Advanced Modeling in Stochastic Computational ElectromagneticsView this Special Issue
Reliable Approach for EM Scattering Calculation from Sea Surface Covered with Foams Based on MFBM and VRT Theory
A reliable approach based on modified facet-based model and Vector Radiative Transfer theory is presented to calculate electromagnetic scattering from a particular electrically large sea surface superimposed with foams, which can handily give both monostatic and bistatic scattering results and could be applied to synthetic aperture radar imagery simulation. The facet model is derived from Fuks’ first-order small perturbation method function, and then the Kirchhoff model is introduced to revise the results in view of the dependency on cut-off wave number at near vertical incidence angles. Additionally, the contributions of foams are taken into consideration on the basis of Vector Radiative Transfer theory. The accuracy and superiority of this proposed approach are demonstrated in comparison with traditional facet model, which illustrates that the results of this approach agree better with experimental results. Moreover, several examples are given to verify that the proposed approach is of more significance at large incidence angles and high wind speed.
Investigation on electromagnetic (EM) scattering from maritime scene is of great value in both civil and military applications, such as maritime environment monitoring and clutter rejection in target detection. Extensive endeavors have been devoted to evaluate the scattering characteristic in either theoretical or experimental terms. Usually, approaches for EM scattering calculation from rough sea surface in theoretical term can be classified as numerical category and analytical category. Among the numerical efforts, some recent attempts could be noted, for instance, the Multiple Sweep Method of Moments , the Accelerated Forward-Backward Method , and the Ordered Multiple Method . Although these methods prevail over traditional numerical ones in terms of accelerated skills, they would still be too tricky and time-consuming for general applications, particularly for electrically large maritime scene. On the other hand, analytical methods have received more and more attention in view of their high efficiency, relative accuracy, and clear physical interpretation. Crombie firstly discovered the Bragg resonant phenomena that the Bragg waves resonant with EM waves dominate in the echo . And then two-scale theory has been always a famous approach since it was presented in the 1970s . Further, the modified two-scale method was presented and validated with better accuracy . However, it is still a statistic approach, which obtains an average of the scattering coefficients under different conditions without a particular sea height map, and nothing is said about local information.

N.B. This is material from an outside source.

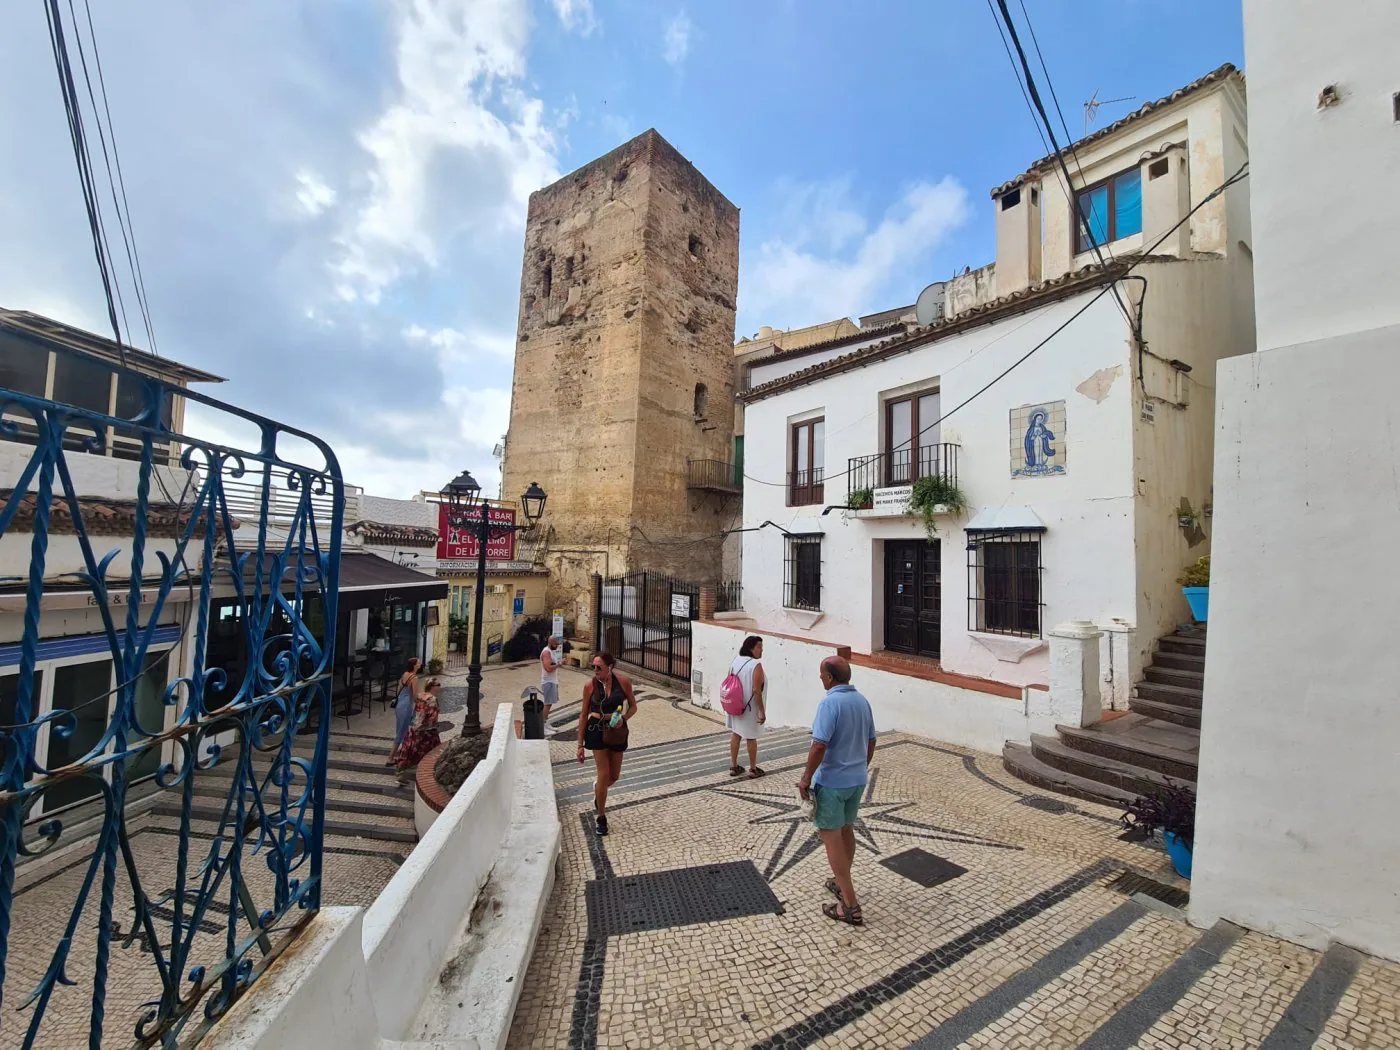 Torremolinos aims to restore mill and showcase local history

In past decades, synthetic aperture radar (SAR) has been greatly developed in consideration of its independency on daylight and weather, and SAR imaging has become one of the most important means for remote sensing of maritime environment. At the same time, local information is useful and desirable in SAR imagery simulation of marine scene, especially the one with oil film and ship wake. This demand has encouraged the development of facet-based approaches, which try to break the surface into facets and then the scattering contributions from individual facets could be obtained. A facet backscattering model was presented by Franceschetti et al. by means of Kirchhoff approximation , but it loses sight of the Bragg phenomena. Chen et al. came up with a slope-determined facet model that could reflect both the specular and diffuse configurations in monostatic or bistatic system .

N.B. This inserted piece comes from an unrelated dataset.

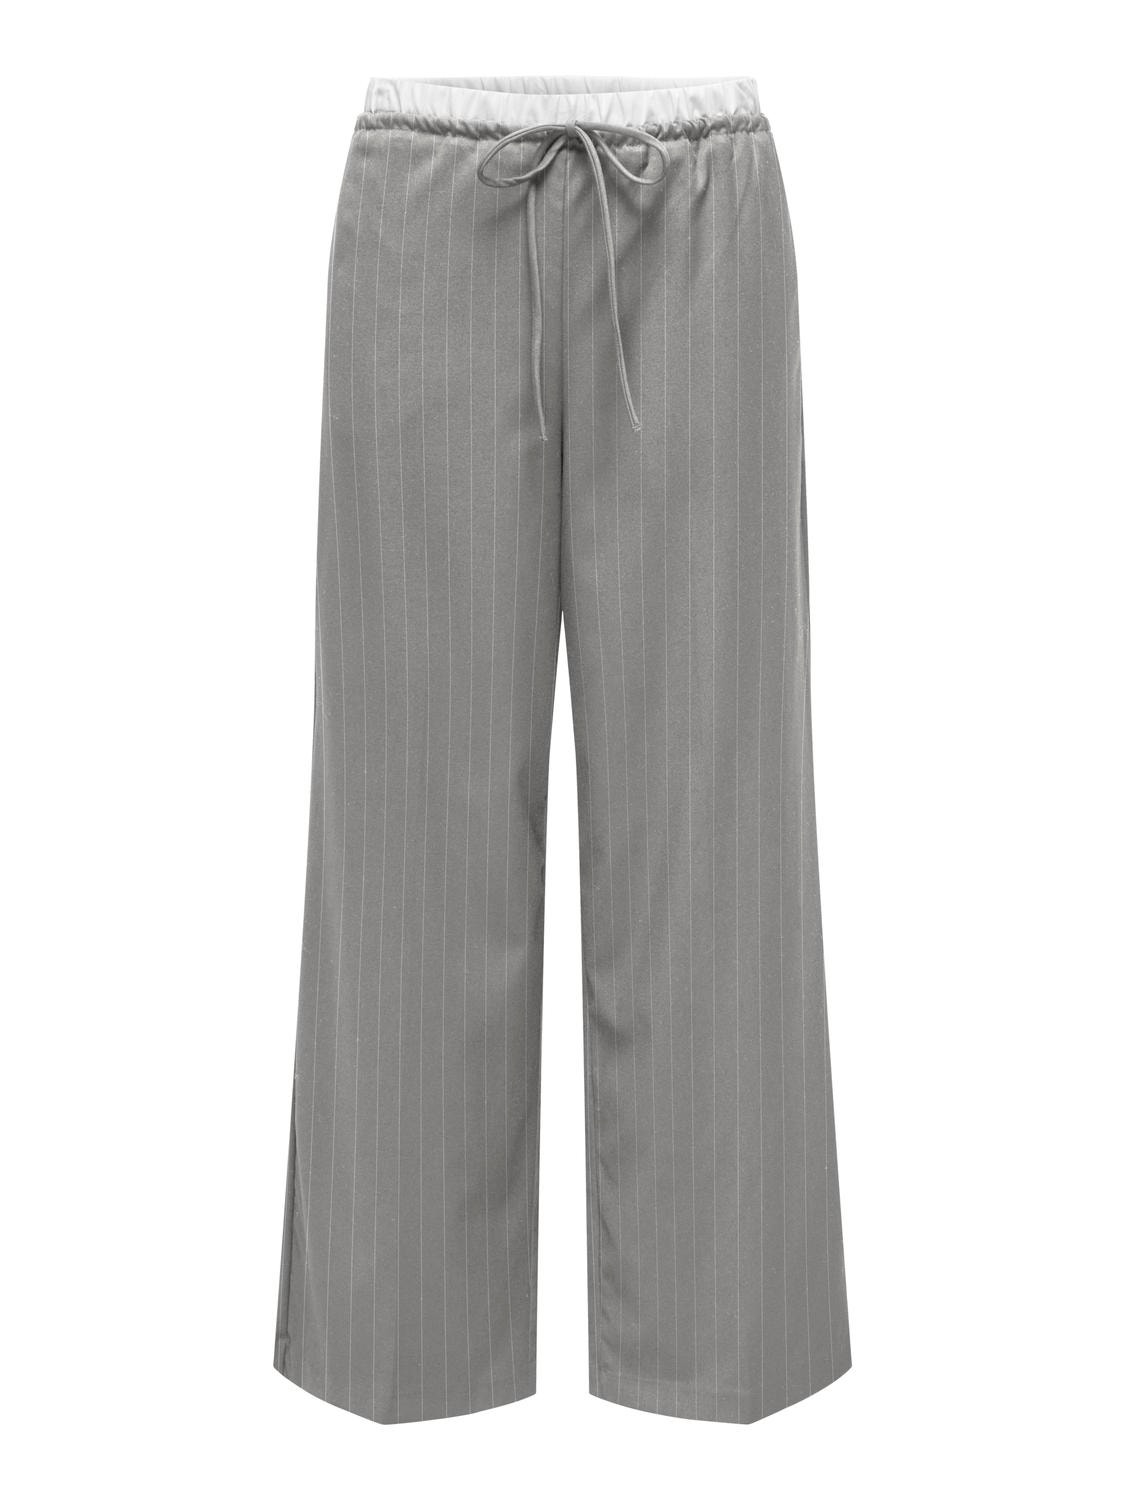 ONLY Straight Fit High waist Trousers -Light Grey Melange - 15339242

In reality, with the increase of wind speed above sea surface, foams would come into being. What is more, one-third of sea surface would be covered with foams when the velocity of wind comes up to 25 m/s. So it is of great significance to take the influences of foams on sea surface scattering into account at high wind speed condition. Jin  endeavored to investigate the scattering characteristics of sea surface with foams by introducing Vector Radiative Transfer (VRT) theory into two-scale model (TSM). Liang and Guo  combined VRT theory with modified TSM. However, the two aforementioned statistical methods cannot be applied to SAR imagery simulation because of the deficiency of local information.
In this work, a facet-based model derived from Fuks’ first-order small perturbation method function [11, 12] is proposed to calculate the scattering contribution from individual sea surface facets in both monostatic and bistatic configurations. Moreover, the Kirchhoff model is introduced to revise the results because the small perturbation method is not suitable and the results are dependent on cut-off wave number at near vertical incidence angles. Meanwhile, the scattering effects of foams are considered and calculated according to the VRT theory, which is of significance at high wind speed and grazing incidence consideration. The proposed approach would be attractive on the ground that the formulation is tractable and time-saving, and the mechanism is more comprehensive including both specular and diffuse features. What is more, as this scheme can calculate the local scattering contributions, it could be readily applied to SAR imagery simulation and the analysis of scattering contributions from complex sea surface with ship wake and oil film.
2. Model Description and Formulation
2.1. Modified Facet-Based Model
Sea surface can be seen as a two-scale model where small-scale waves are superimposed on the large-scale waves. The ELH spectrum  can involve both long and short wind-driven waves, so it is used to generate sea surface here. Then the sea surface is decomposed into facets with different slopes and the total scattering can be calculated by summing up the contributions from all the facets. Therefore, an adequate formula for scattering from arbitrary slope facet needs to be derived.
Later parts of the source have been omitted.